[Supplied material]
========================================================================
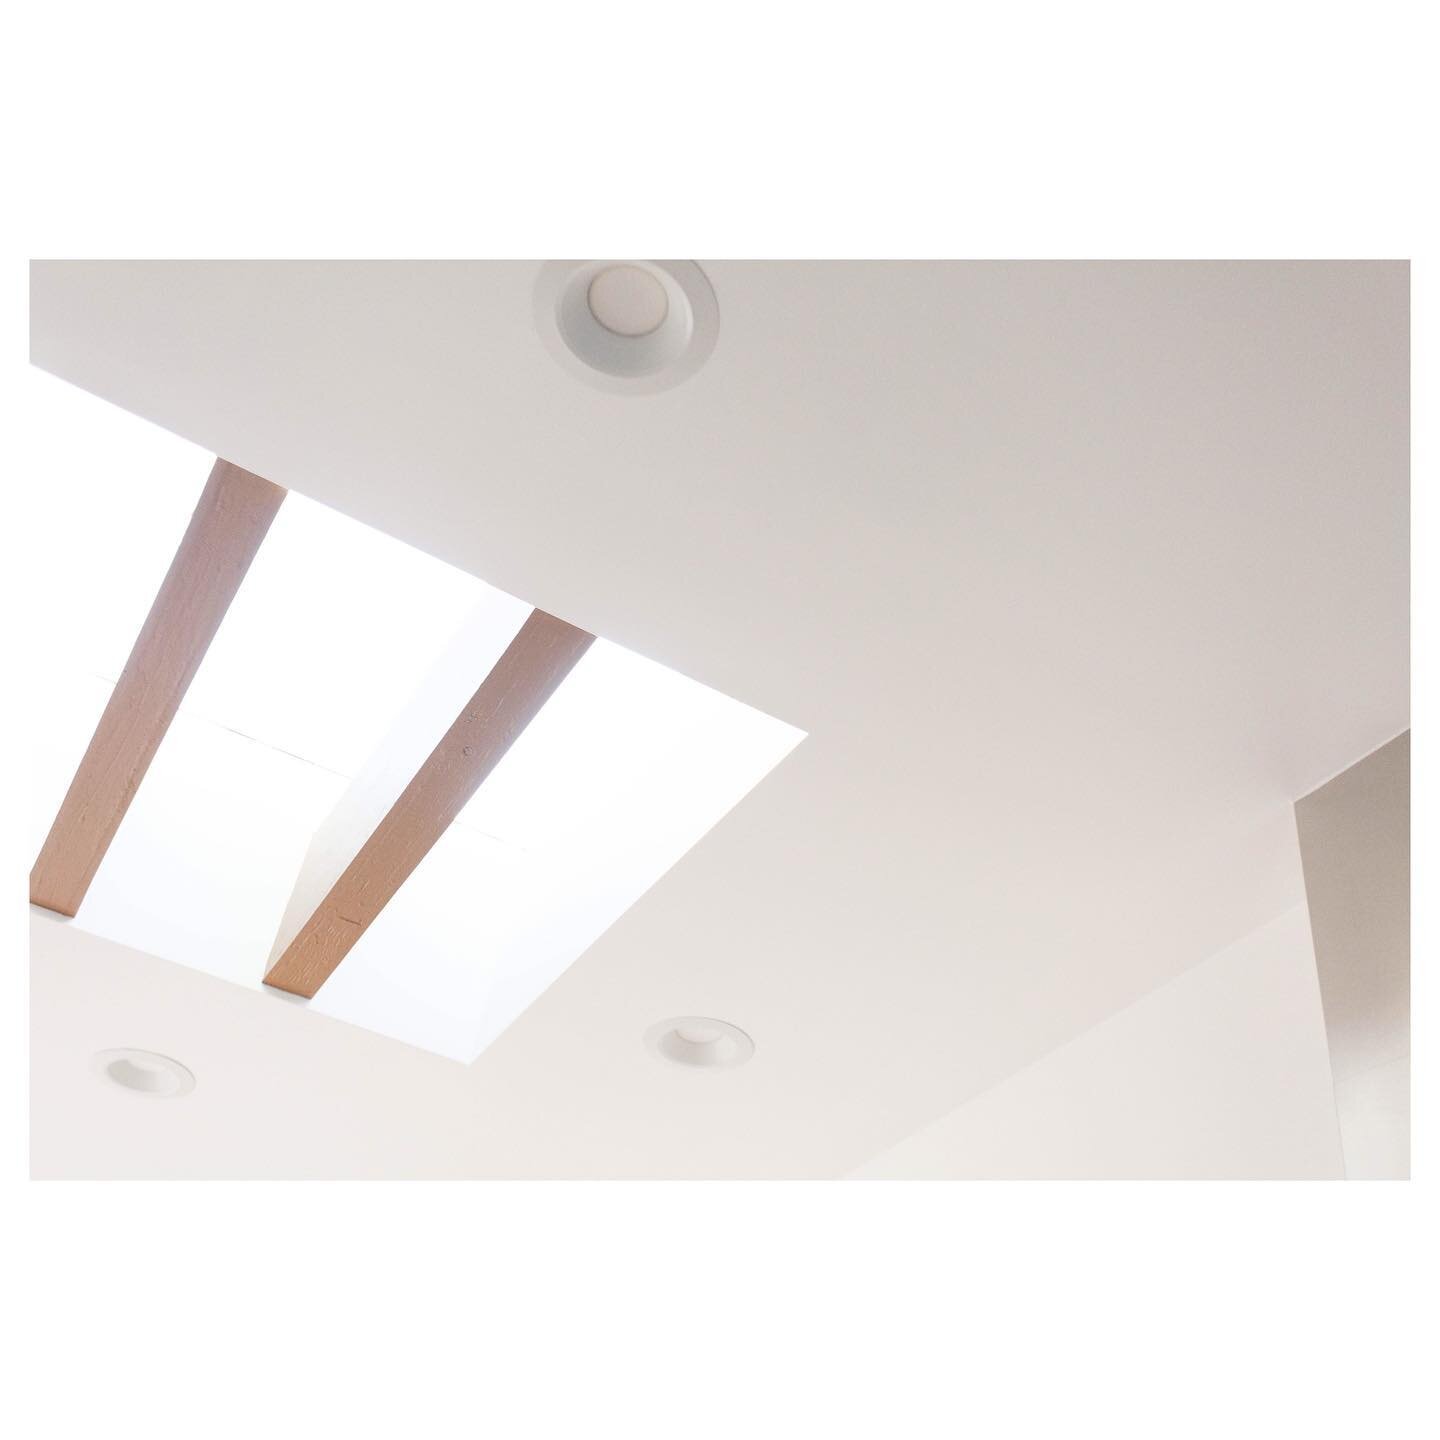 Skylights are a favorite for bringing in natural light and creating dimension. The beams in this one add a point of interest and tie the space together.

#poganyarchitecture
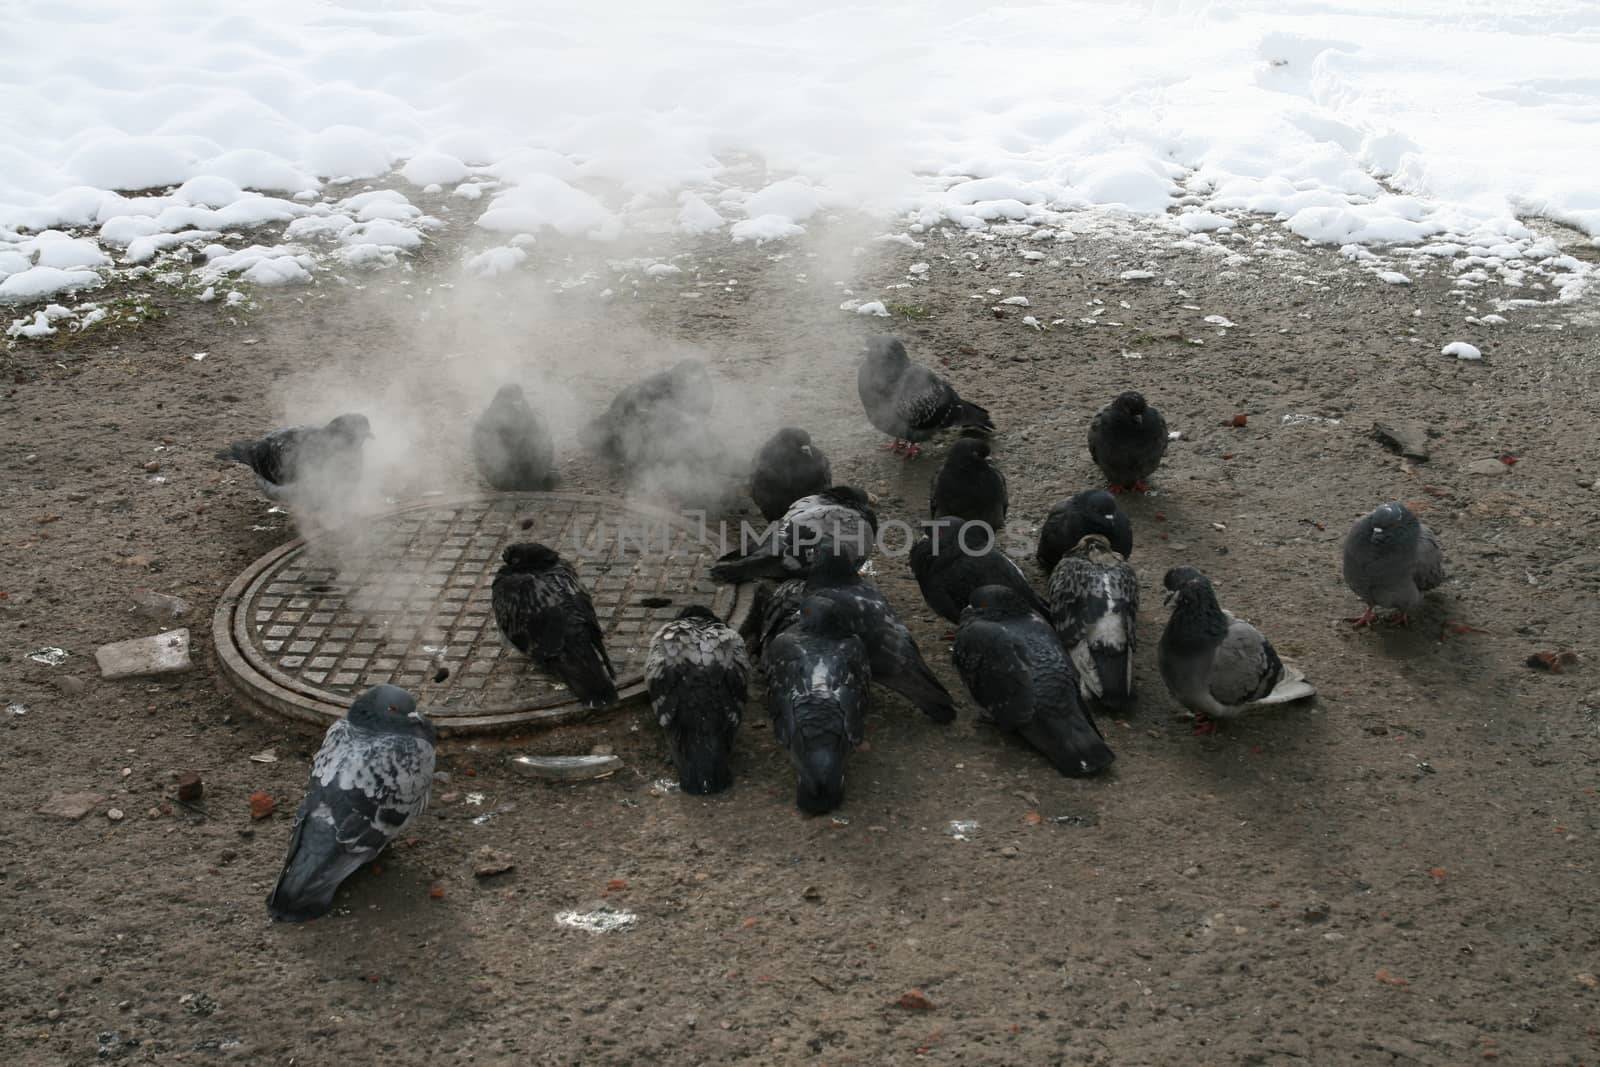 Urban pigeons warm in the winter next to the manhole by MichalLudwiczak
========================================================================
[Work to be completed] In your answer, copy exactly the lines running from the line with "#poganyarchitecture" to the end of the material above, both included, and omit all pictures.

[The completed task]
#poganyarchitecture
 Urban pigeons warm in the winter next to the manhole by MichalLudwiczak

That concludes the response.